### BRIEF
In the copy, include all of the listing exactly and none of its pictures.

### GIVEN ENTRIES
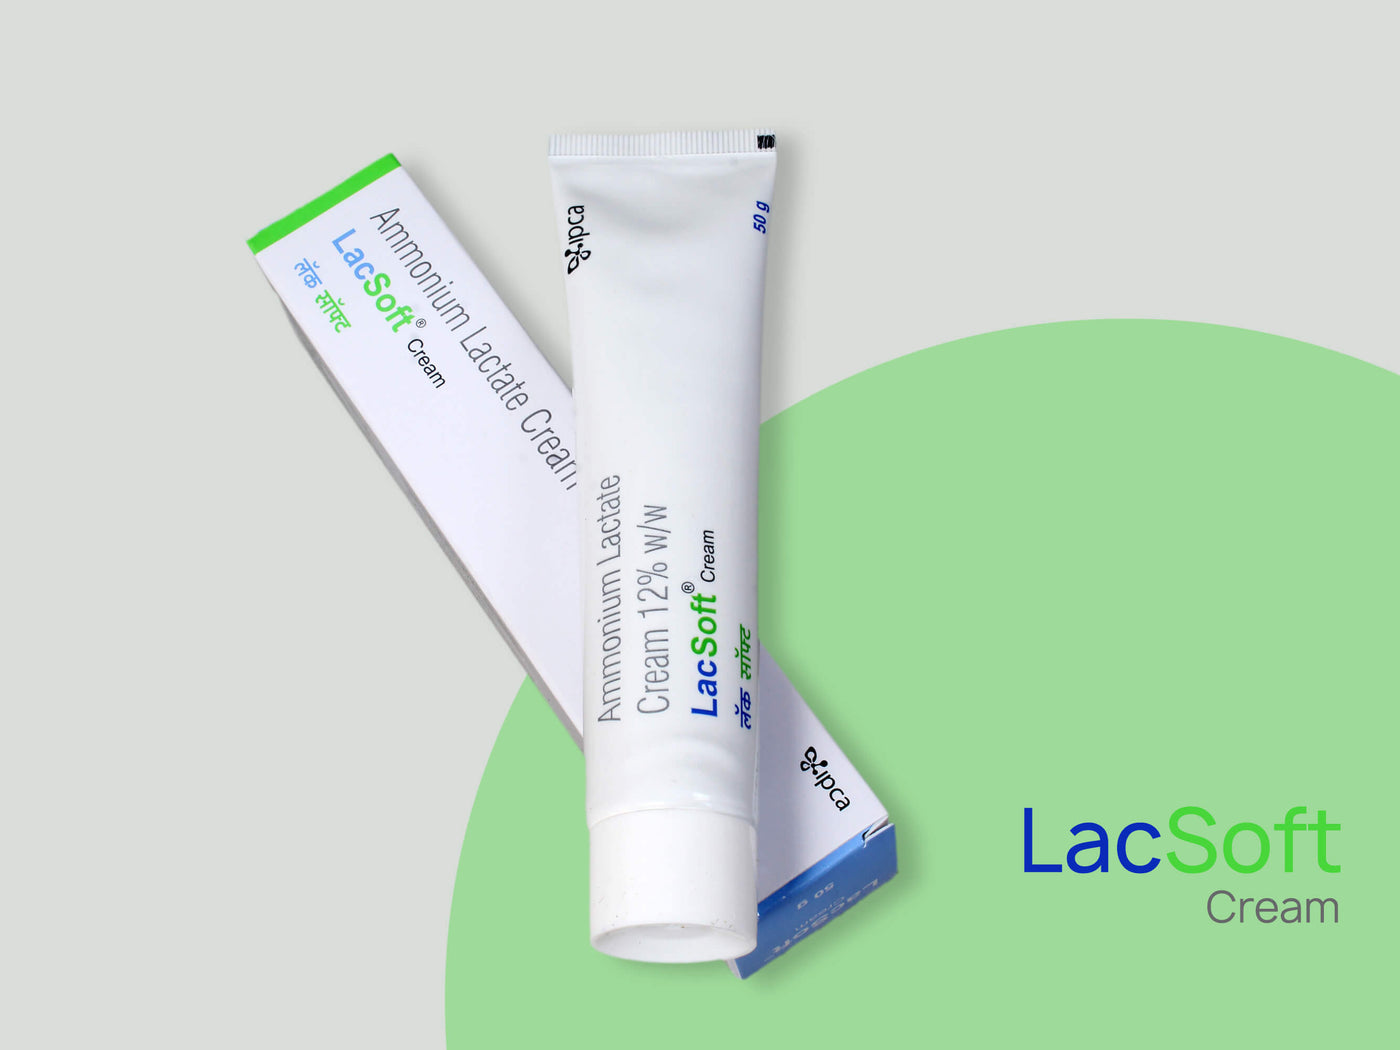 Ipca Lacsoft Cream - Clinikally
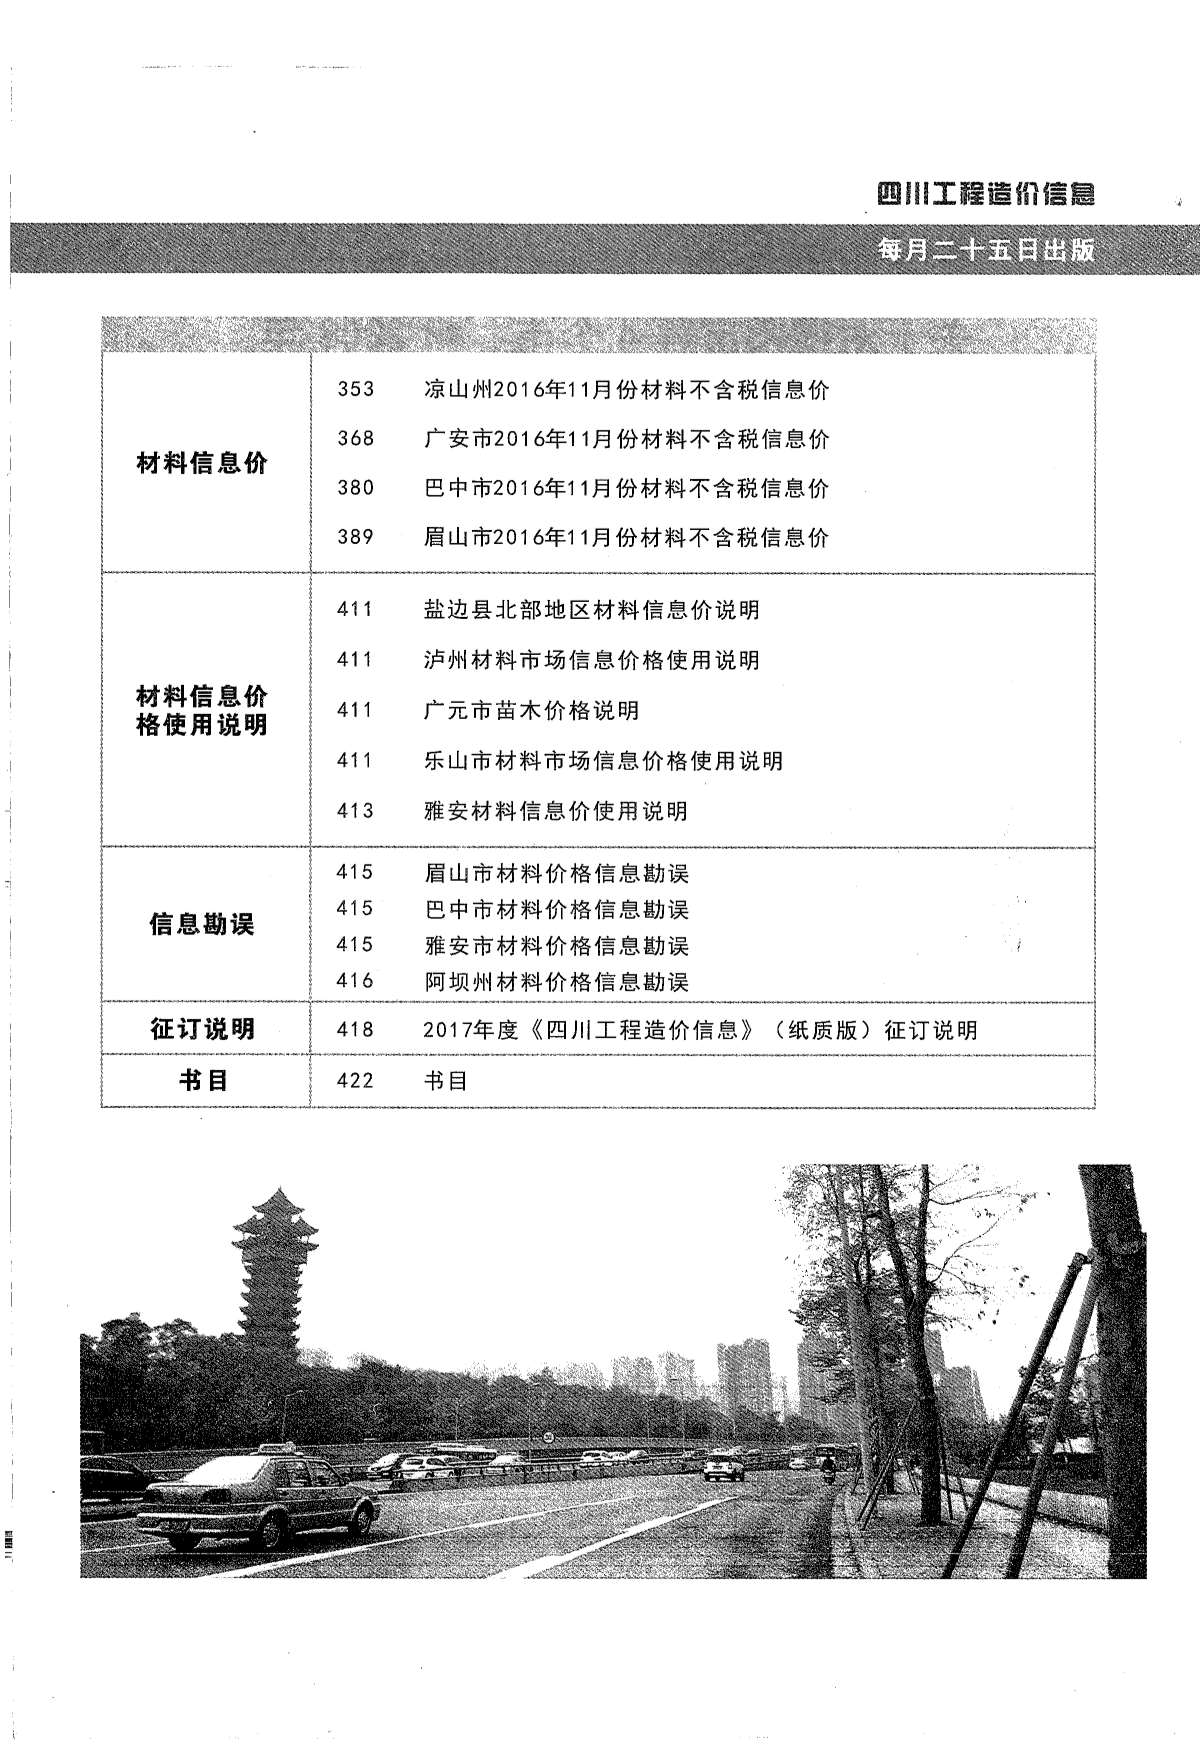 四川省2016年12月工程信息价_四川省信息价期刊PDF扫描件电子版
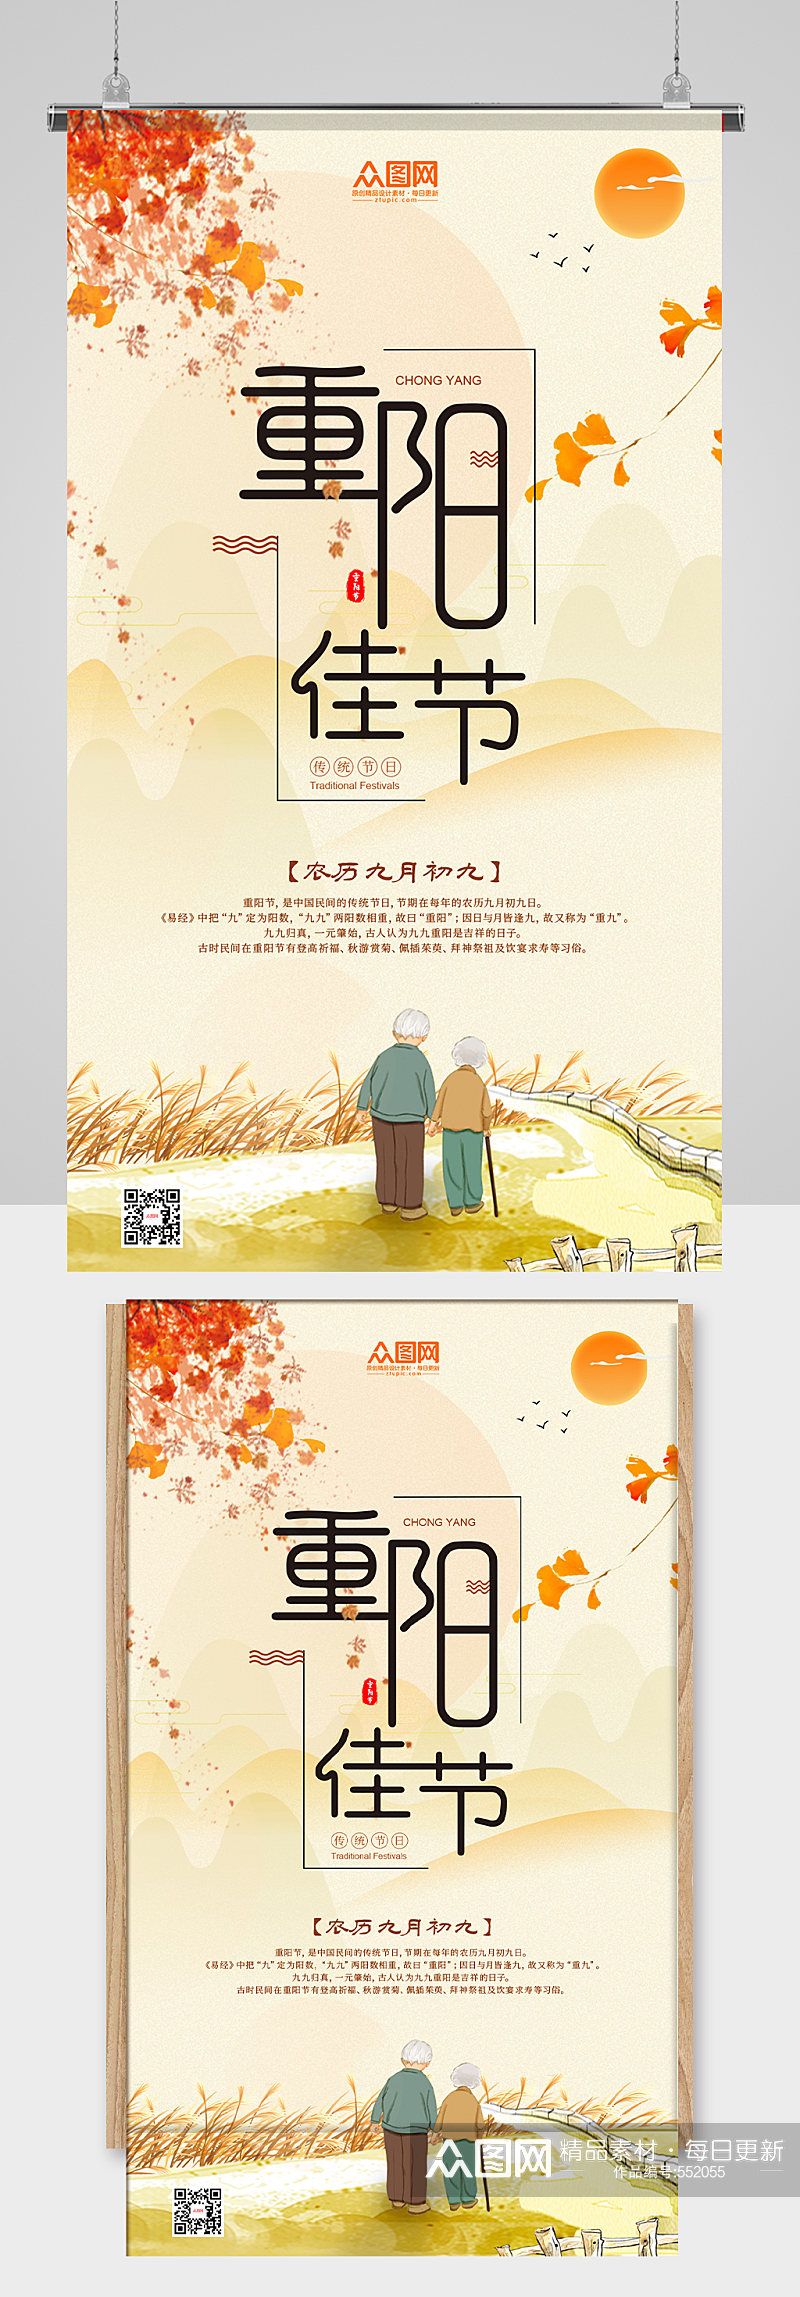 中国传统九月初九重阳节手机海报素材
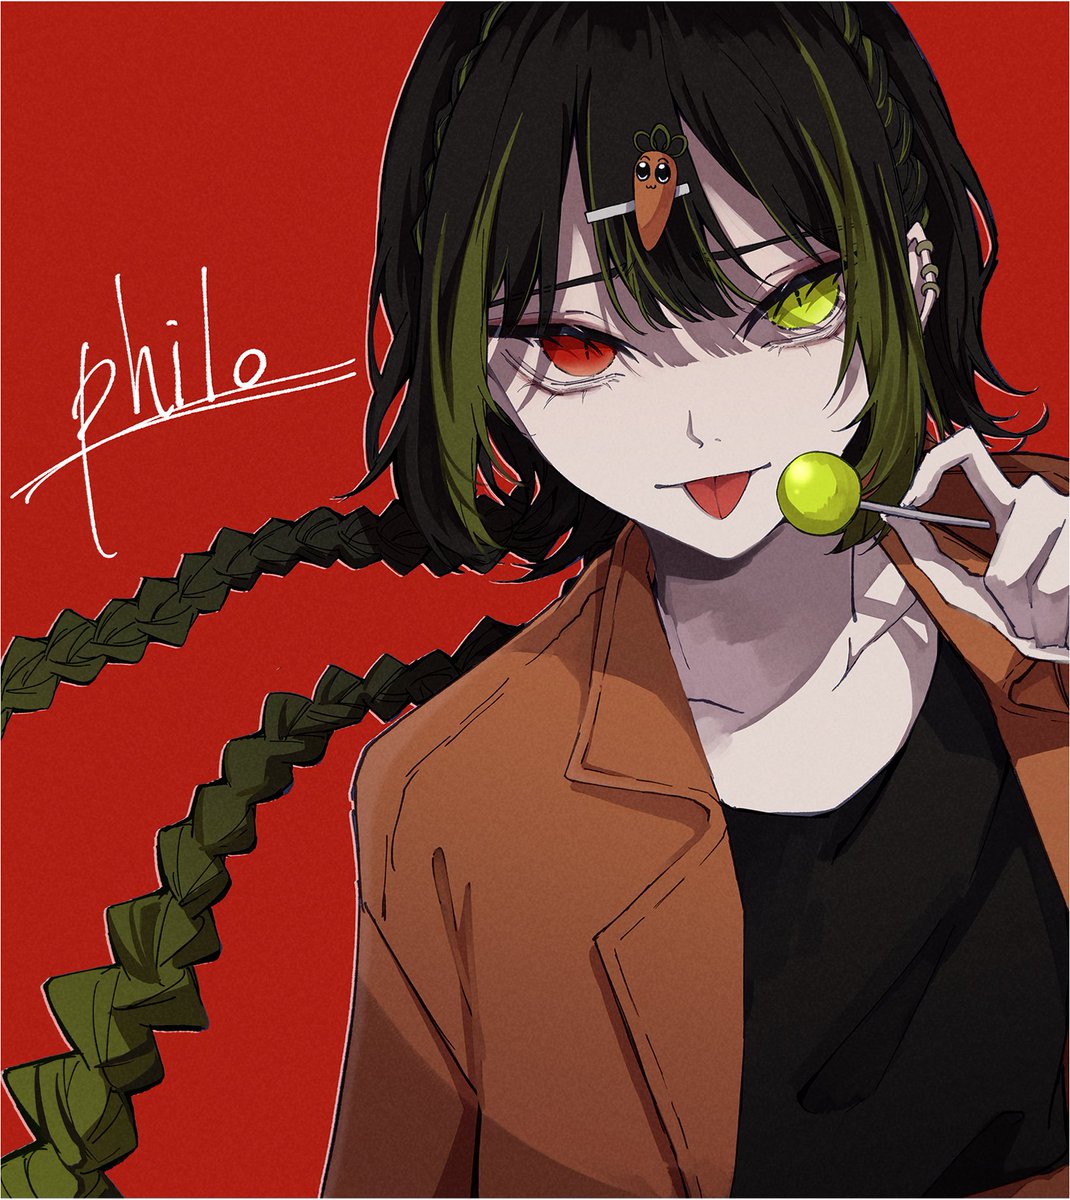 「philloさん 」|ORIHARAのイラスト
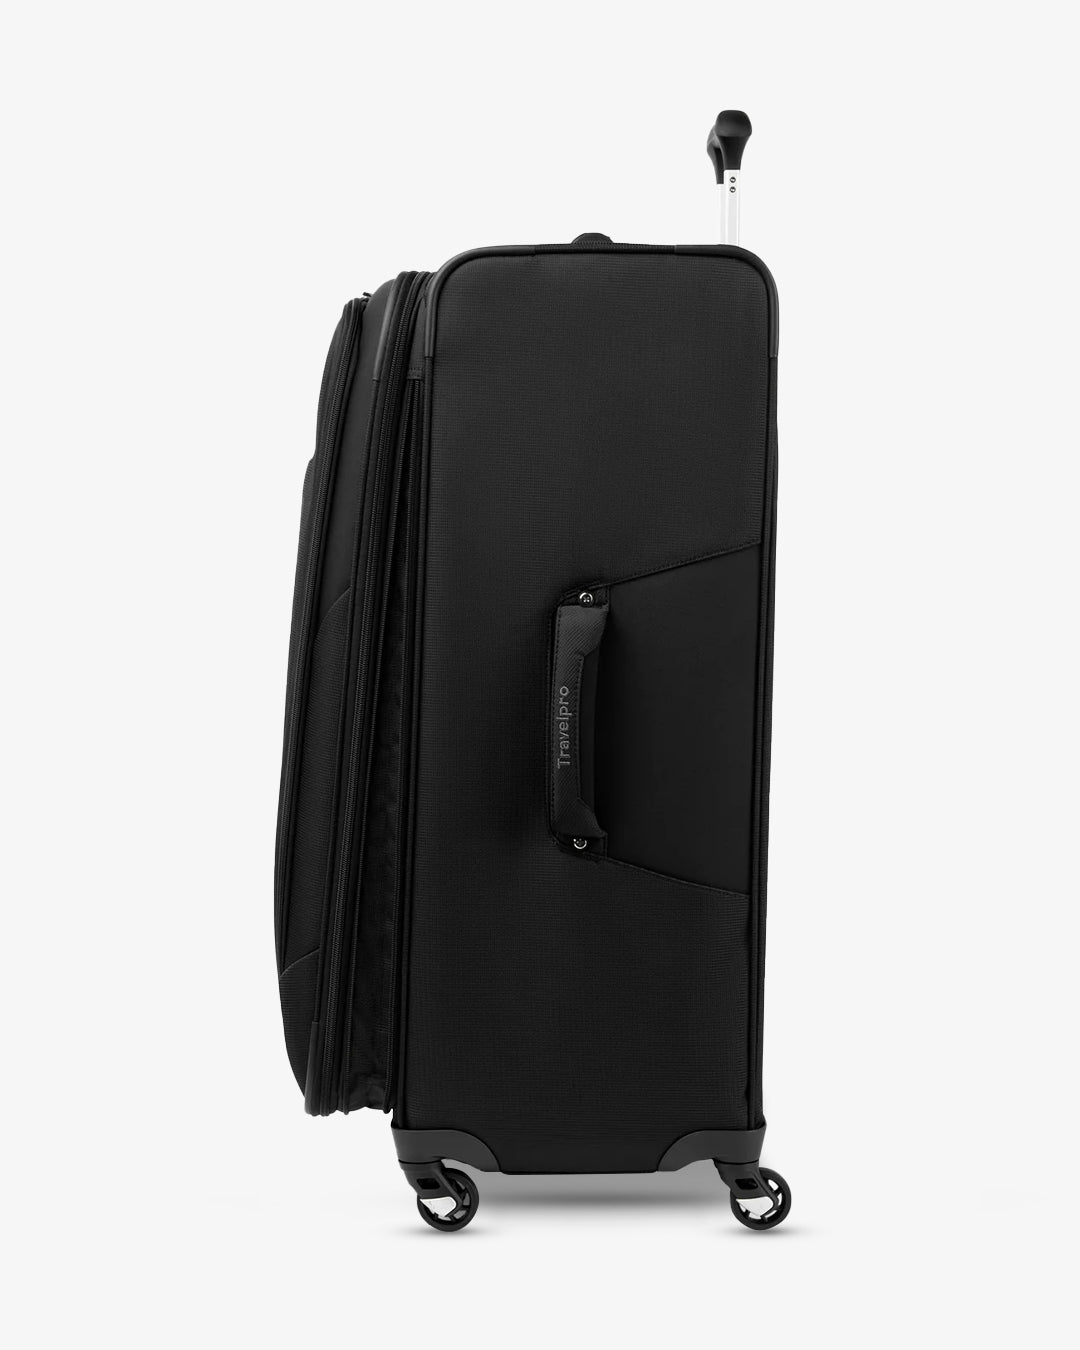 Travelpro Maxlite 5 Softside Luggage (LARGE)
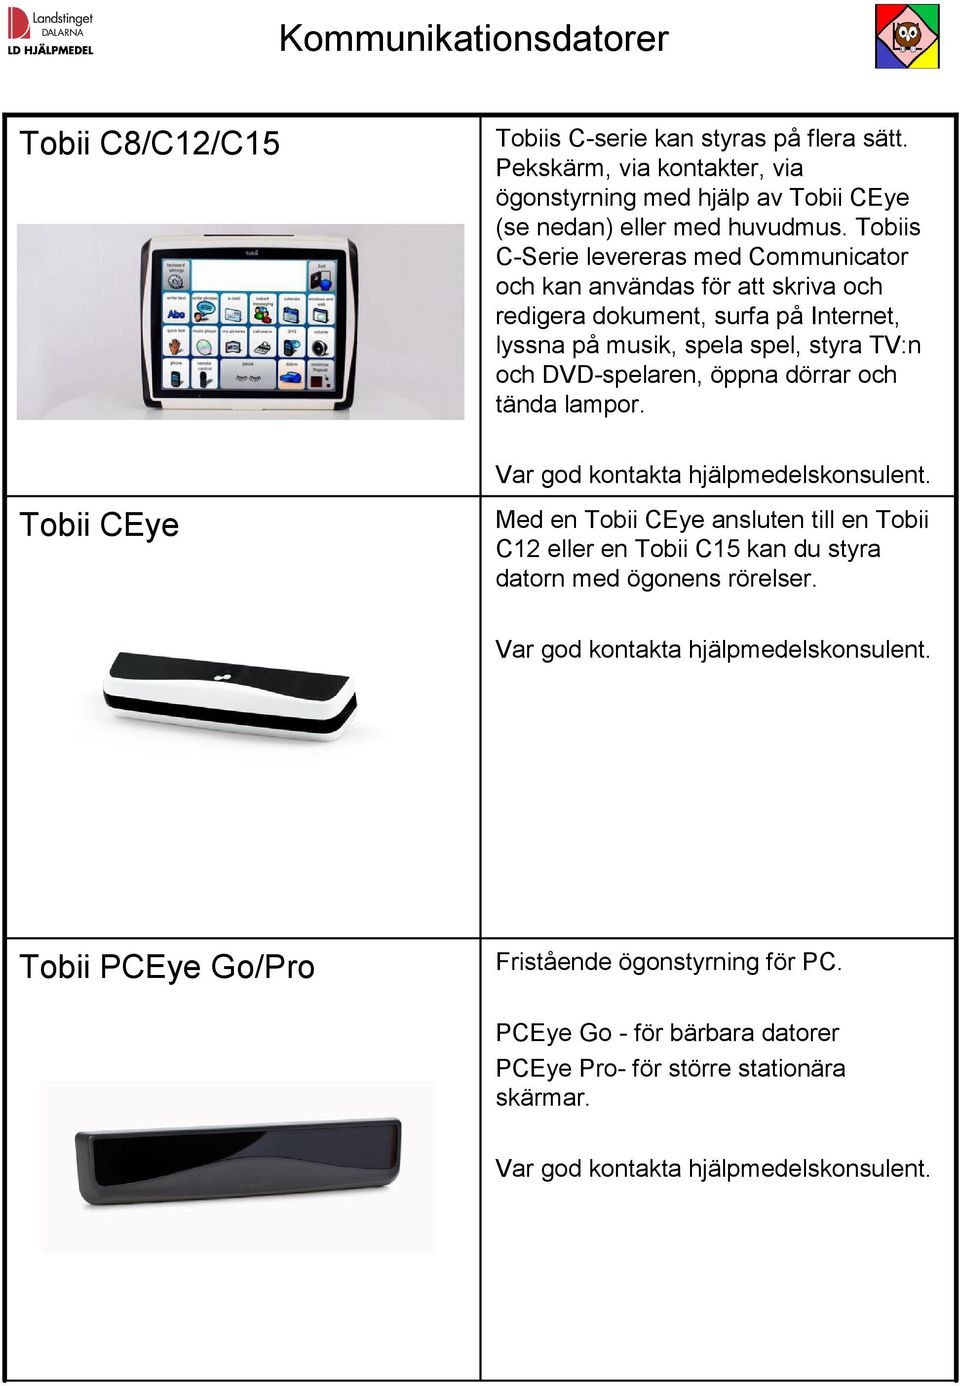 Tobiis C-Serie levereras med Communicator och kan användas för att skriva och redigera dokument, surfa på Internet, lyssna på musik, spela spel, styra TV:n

### TASK OUTPUT
 Ipca Lacsoft Cream - Clinikally
 四川省2016年12月工程信息价_四川省信息价期刊PDF扫描件电子版
 中国传统九月初九重阳节手机海报素材
 「philloさん 」|ORIHARAのイラスト
 Travelpro Maxlite 5 Softside Luggage (LARGE)
 Tobiis C-Serie levereras med Communicator och kan användas för att skriva och redigera dokument, surfa på Internet, lyssna på musik, spela spel, styra TV:n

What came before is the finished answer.